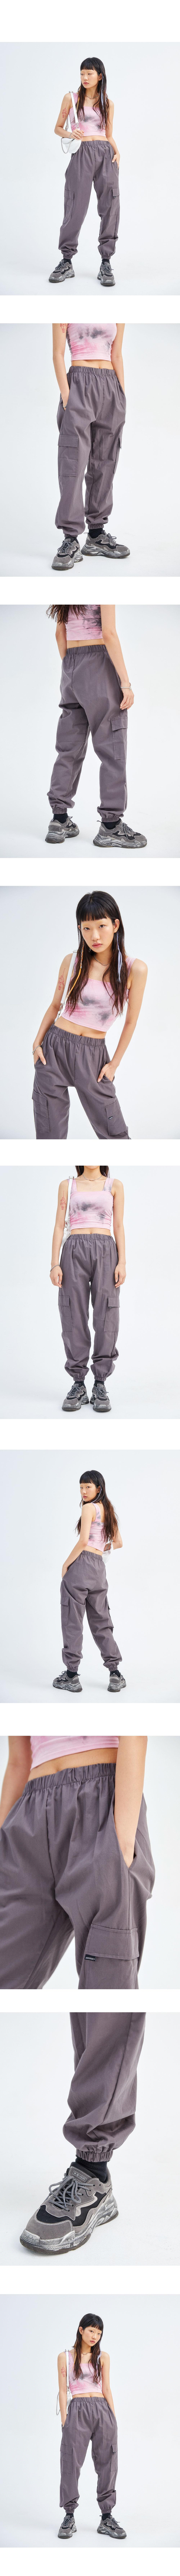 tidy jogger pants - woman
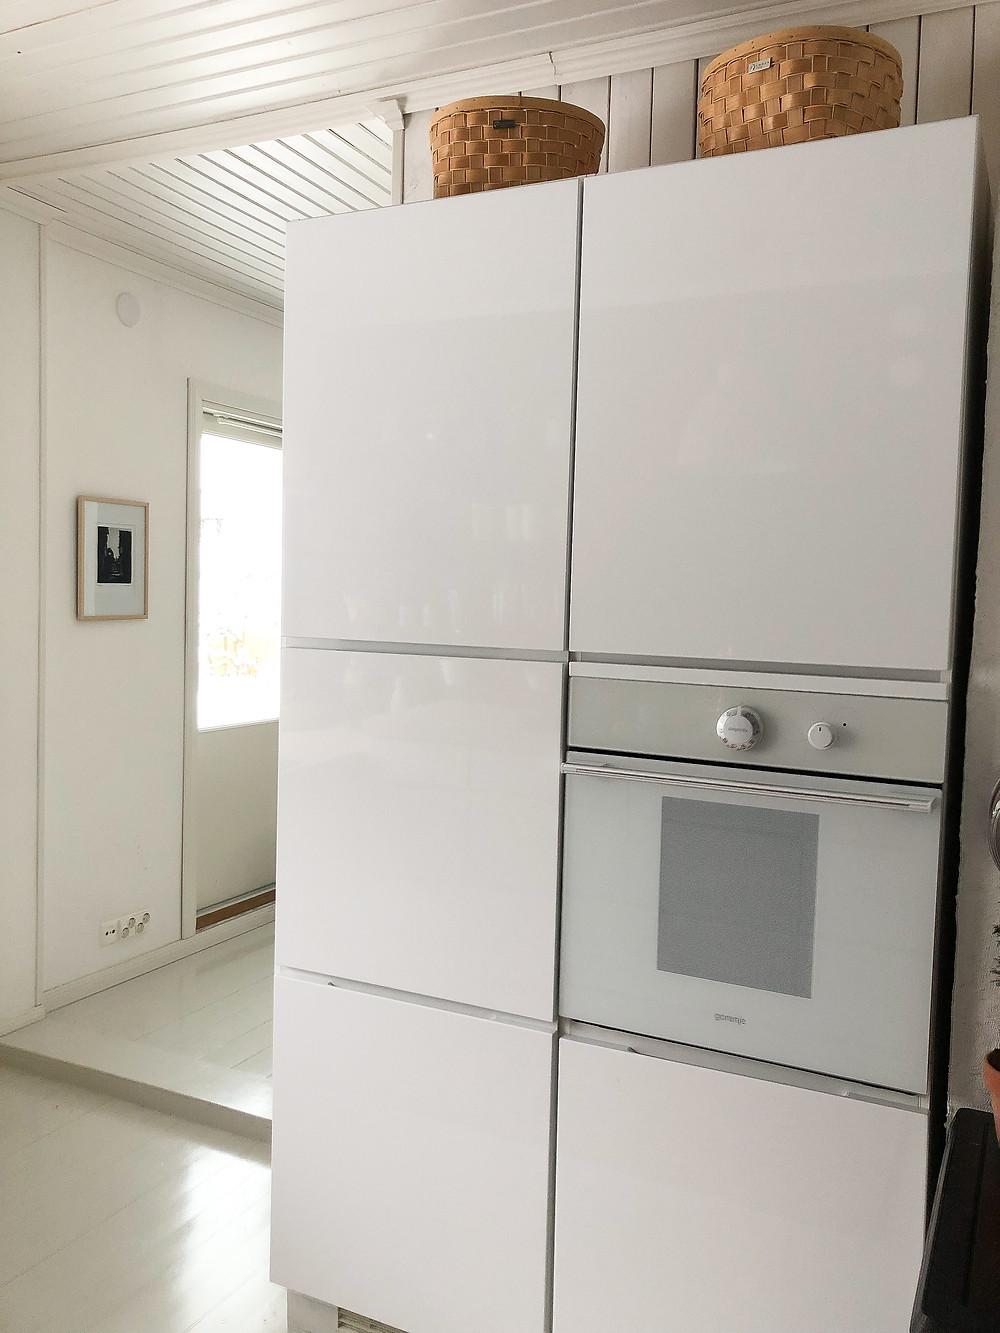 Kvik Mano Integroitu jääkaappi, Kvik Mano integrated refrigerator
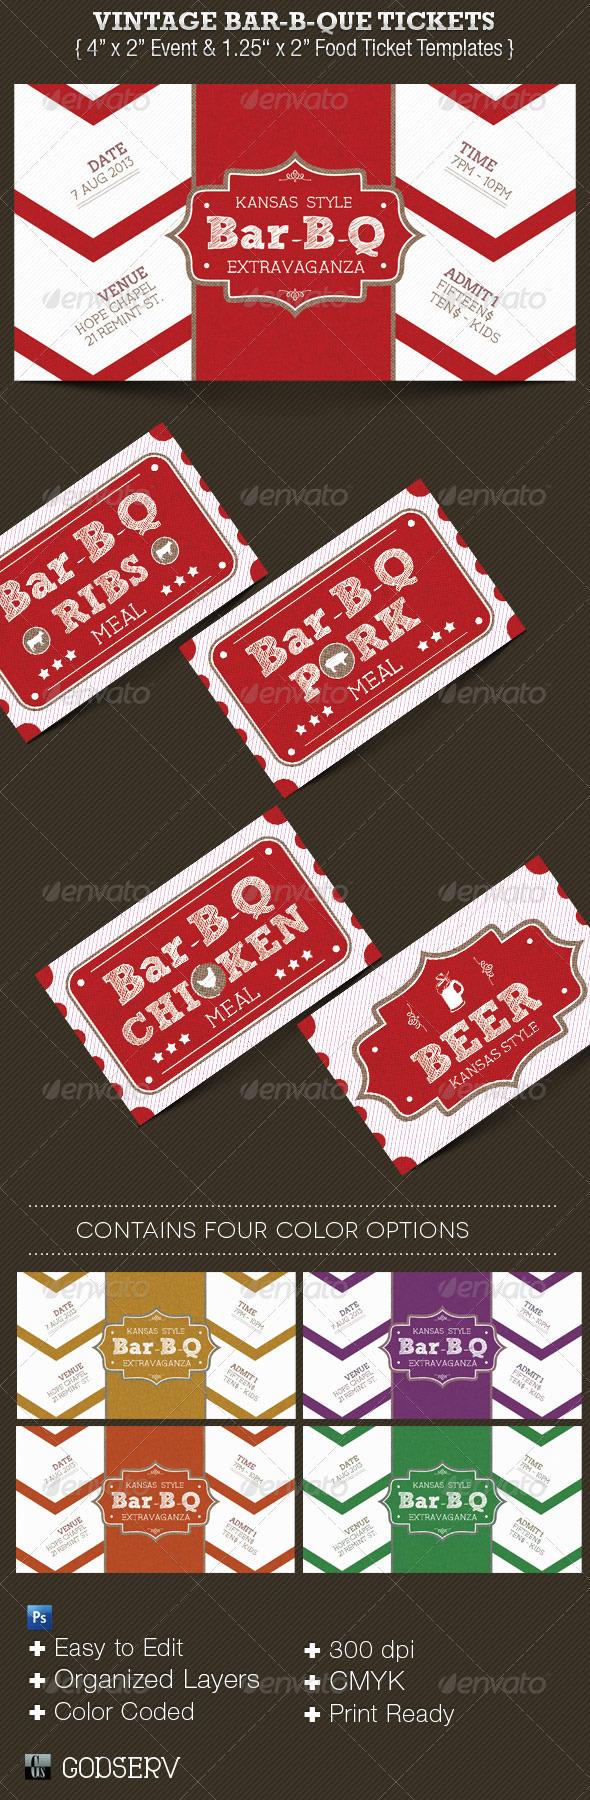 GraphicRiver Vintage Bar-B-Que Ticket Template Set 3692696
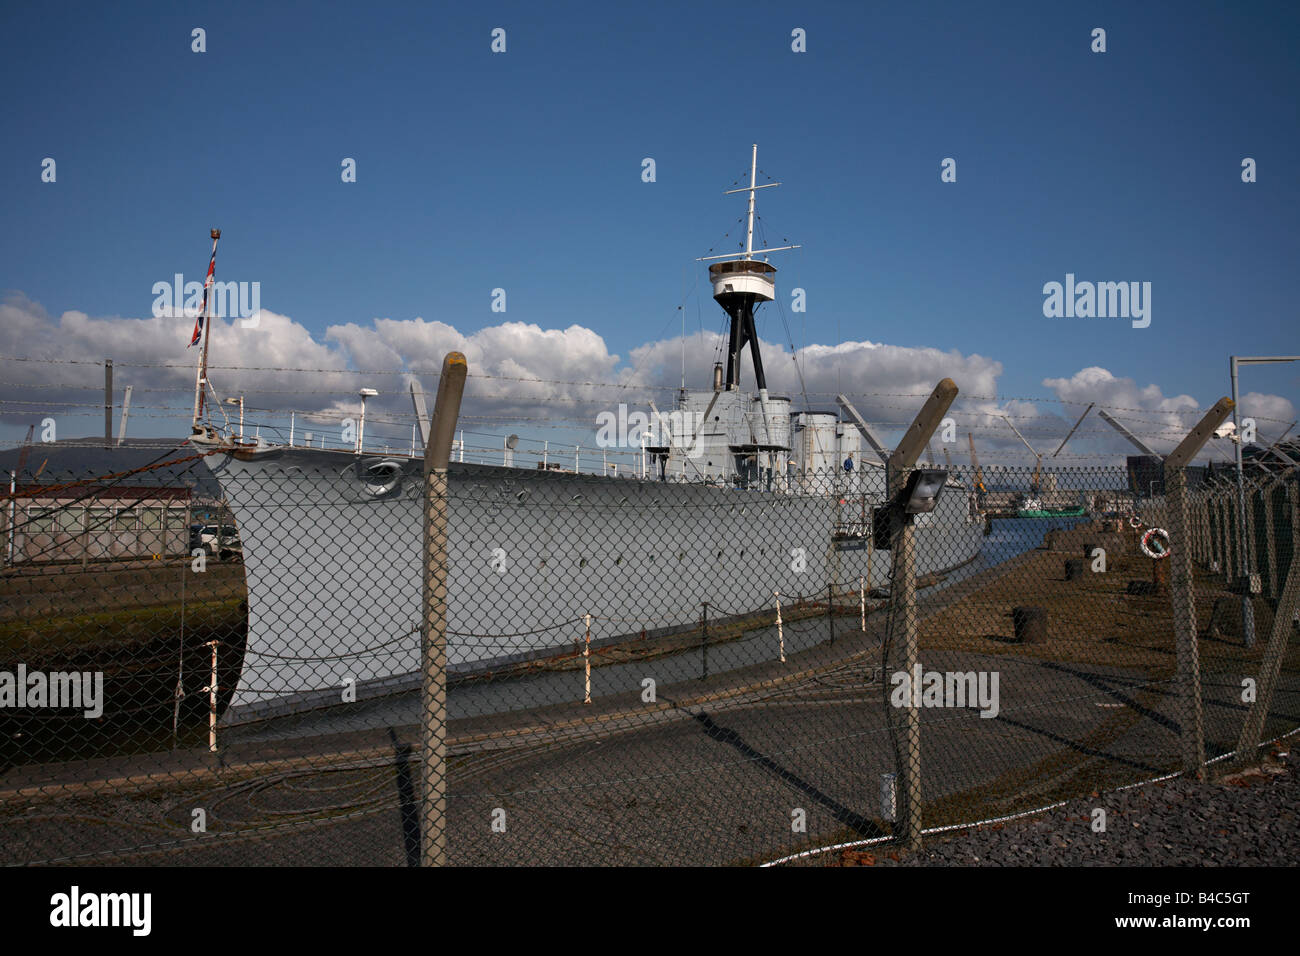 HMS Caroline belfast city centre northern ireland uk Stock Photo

- - - - - - -

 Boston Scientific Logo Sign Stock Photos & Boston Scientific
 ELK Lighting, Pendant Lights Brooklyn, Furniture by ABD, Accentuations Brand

- - - - - - -

Task: Each line above that falls between the line with "tidy jogger pants - woman" and the line with "HMS Caroline belfast" should be printed exactly, together with those two lines, but the pictures should not.

Solved exercise:
 tidy jogger pants - woman
 Kvik Mano Integroitu jääkaappi, Kvik Mano integrated refrigerator
 GraphicRiver Vintage Bar-B-Que Ticket Template Set 3692696
 HMS Caroline belfast city centre northern ireland uk Stock Photo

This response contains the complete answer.